Estado demediado (Notas sobre los problemas estructurales de la economía española, 2)
De un mal diagnóstico solo pueden derivarse soluciones erronéas. Y uno de los peores diagnósticos de la crisis actual es el que sitúa el excesivo gasto público y el déficit como uno de los problemas estructurales de la Economía Española.
Si algo ha caracterizado al sector público español es su infradesarrollo respecto al modelo imperante en la mayoría de países europeos. Un infradesarrollo fruto de un largo proceso histórico que el franquismo consolidó reduciendo las estructuras del Estado. Uno de los pocos avances sociales de la transición fue, junto a la conquista de las libertades políticas, una reforma fiscal que posibilitó precisamente un importante salto en el papel de lo público. Cualquier persona mayor puede recordar cuál era el entorno urbanístico y de servicios públicos de su entorno y compararlo con el actual. La expansión de lo público generó además una importante cantidad de empleos que, sobre todo, abrieron oportunidades a las personas con estudios. En la configuración social española ello ha jugado un papel importante en la configuración de las clases medias asalariadas y, en especial, en la expansión del empleo femenino. Si valoramos la expansión del sector público en términos de servicios y de empleo es evidente que su crecimiento ha sido crucial para mejorar el bienestar de la población.

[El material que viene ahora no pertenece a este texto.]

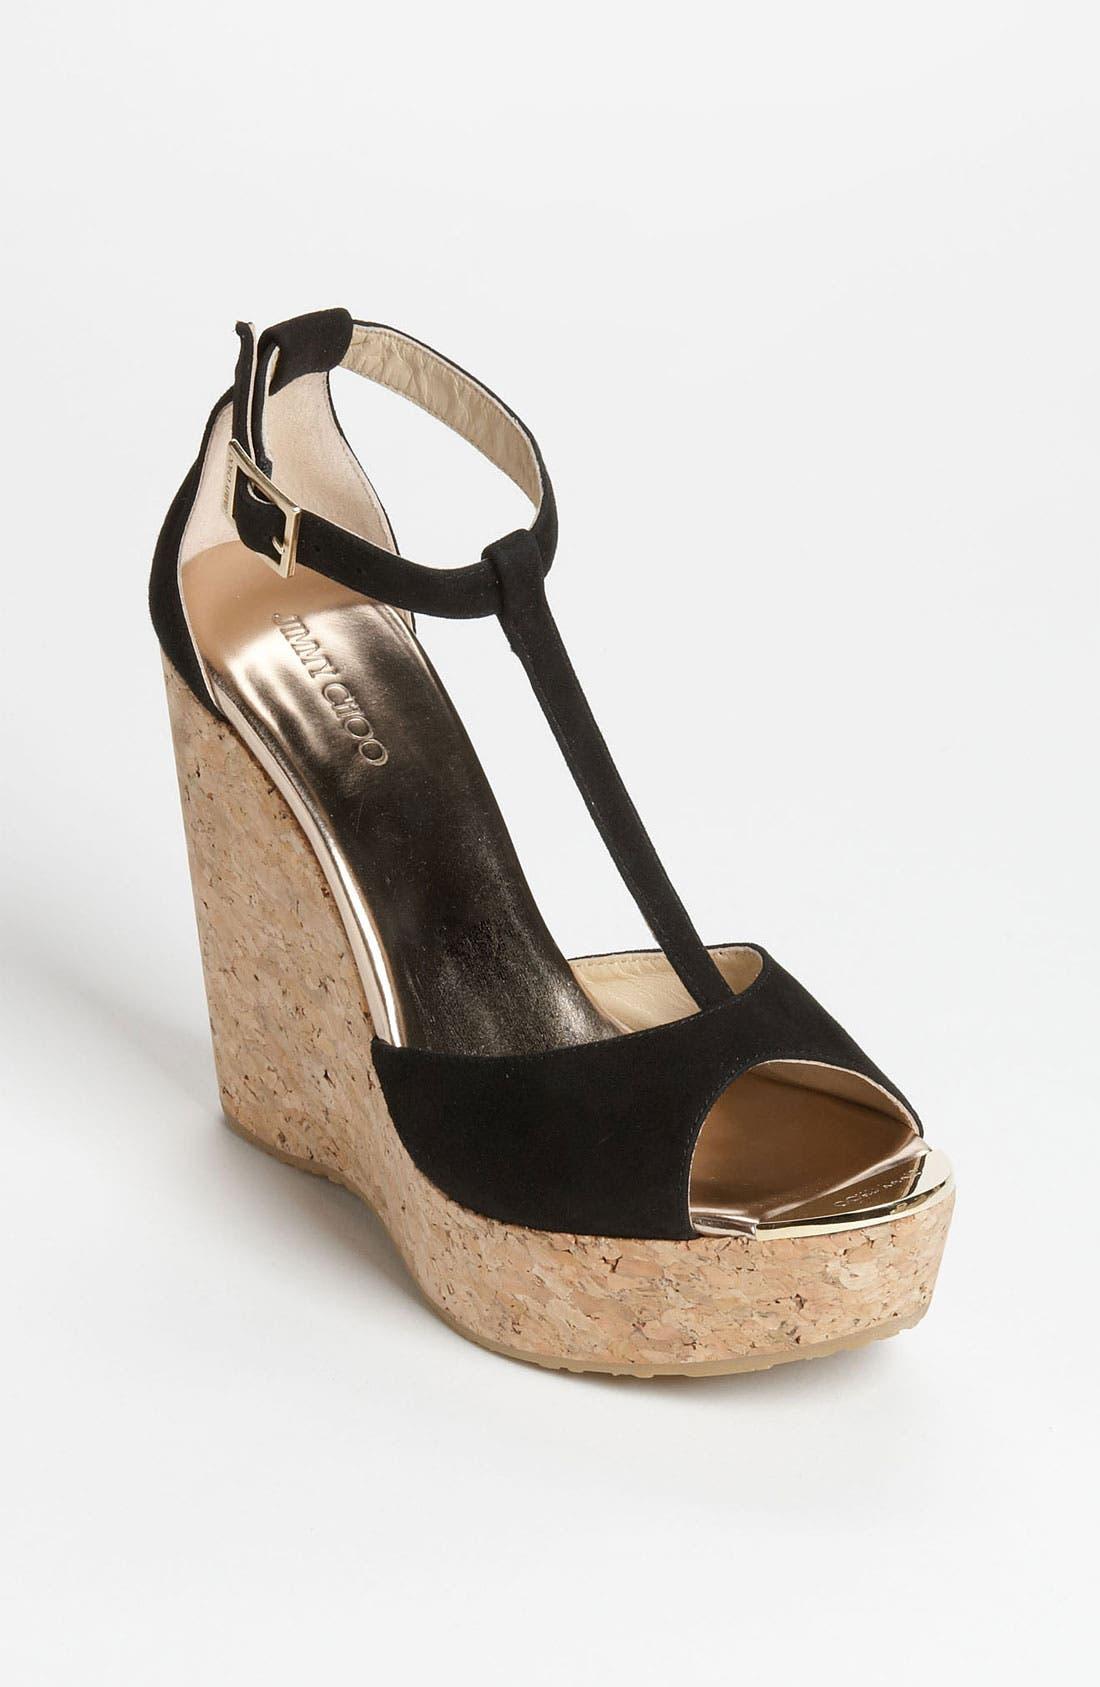 Main Image - Jimmy Choo 'Pela' Cork Sandal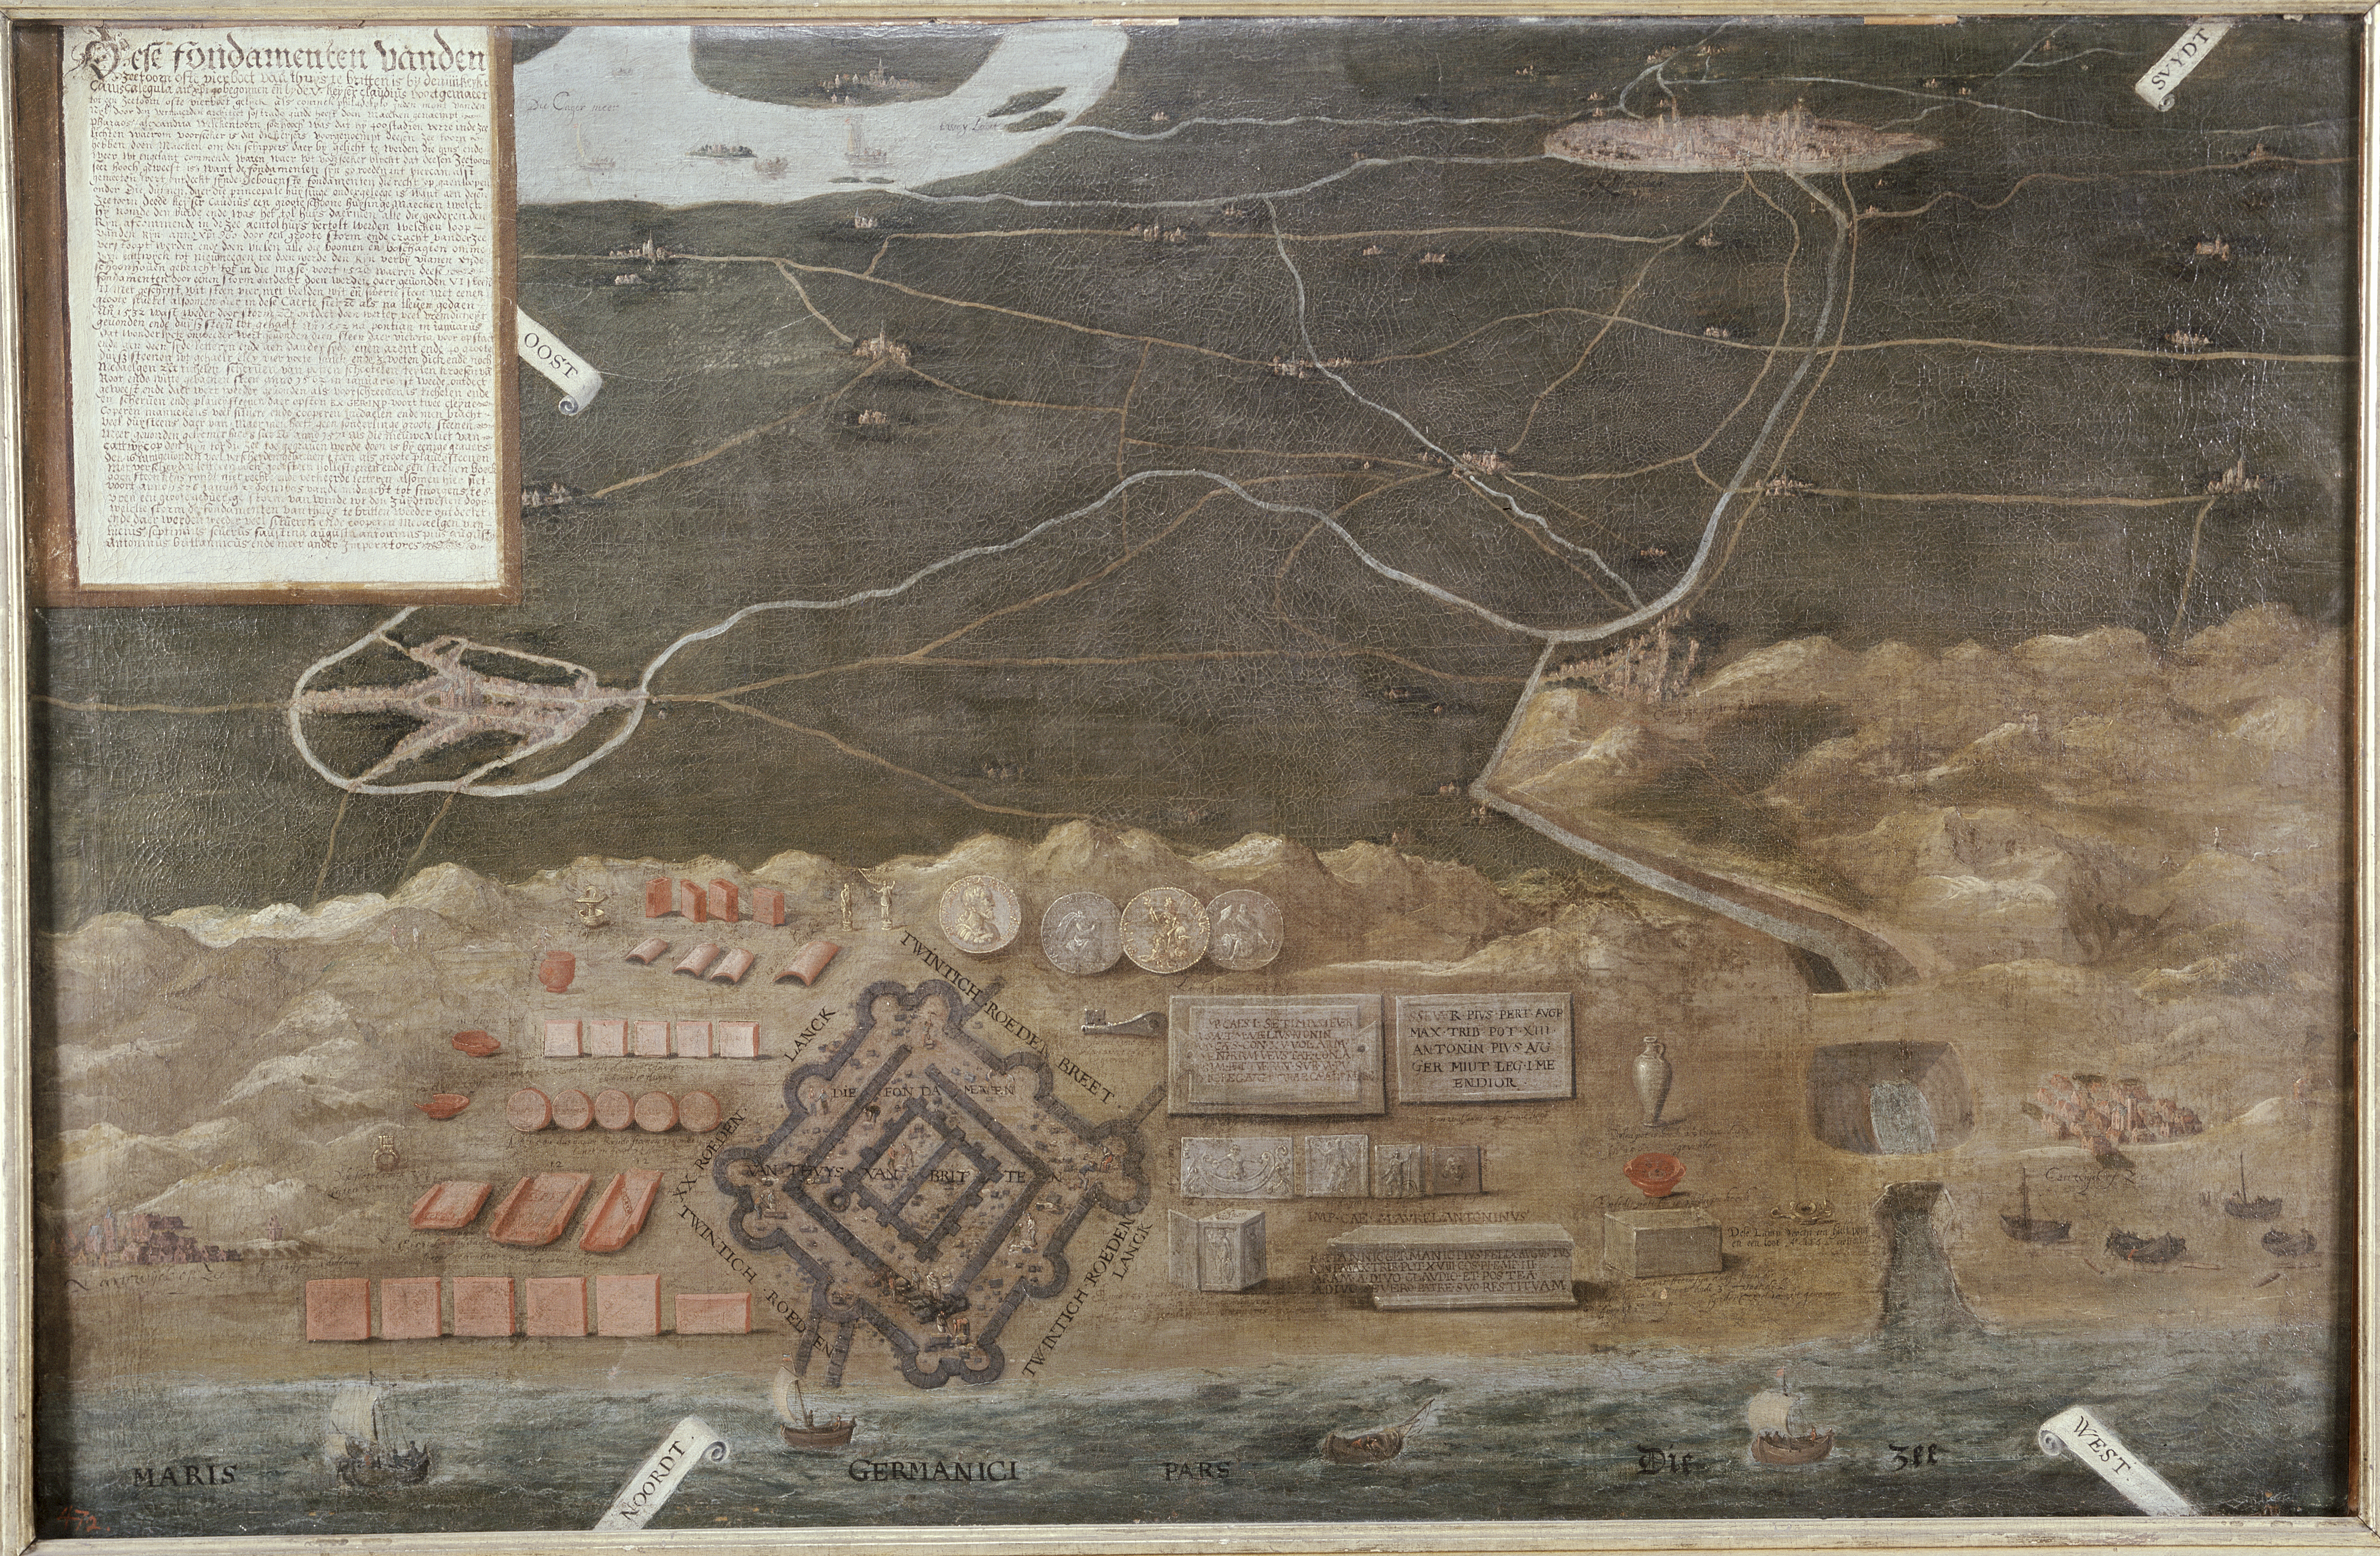 File:Schilderij Brittenburg Katwijk RMO Leiden.jpg - Wikimedia Commons

El problema es que esta expansión de lo público, en gran parte generada por las movilizaciones sociales de la transición primero, y la necesidad de obtener legitimación social para las élites políticas después, estuvo lastrado por diversos elementos que contribuyeron a condicionar su desarrollo. En primer lugar el propio hecho histórico de que la expansión del Estado de bienestar coincidiera en el tiempo con la irrupción de la economía neoliberal y su catecismo de pseudo-verdades en torno a los males de lo público. Incluyendo el dogma de la preminencia de la gestión privada, que explica porqué en nuestro país la externalización de actividades públicas es tan importante. En segundo lugar, la escasa cultura fiscal. La derecha y los ricos, siempre reticentes a pagar impuestos y a abortar cualquier política redistributiva, consiguieron una importante hegemonía en el conjunto de la población a la hora de favorecer un sistema fiscal injusto y poco desarrollado. En tercer lugar, la existencia de grupos bien organizados, con estructuras preexistentes que tuvieron capacidad de imponer un desarrollo de los servicios públicos de provisión no universal. Resultado de estas presiones es la permanencia de un sistema educativo dual y un sistema sanitario fragmentado (especialmente allí donde las mutuas privadas tenían más arraigo). Y en cuarto y último lugar, la persistencia de culturas clientelares que explican alguna de las experiencias más nefastas de la intervención pública reciente.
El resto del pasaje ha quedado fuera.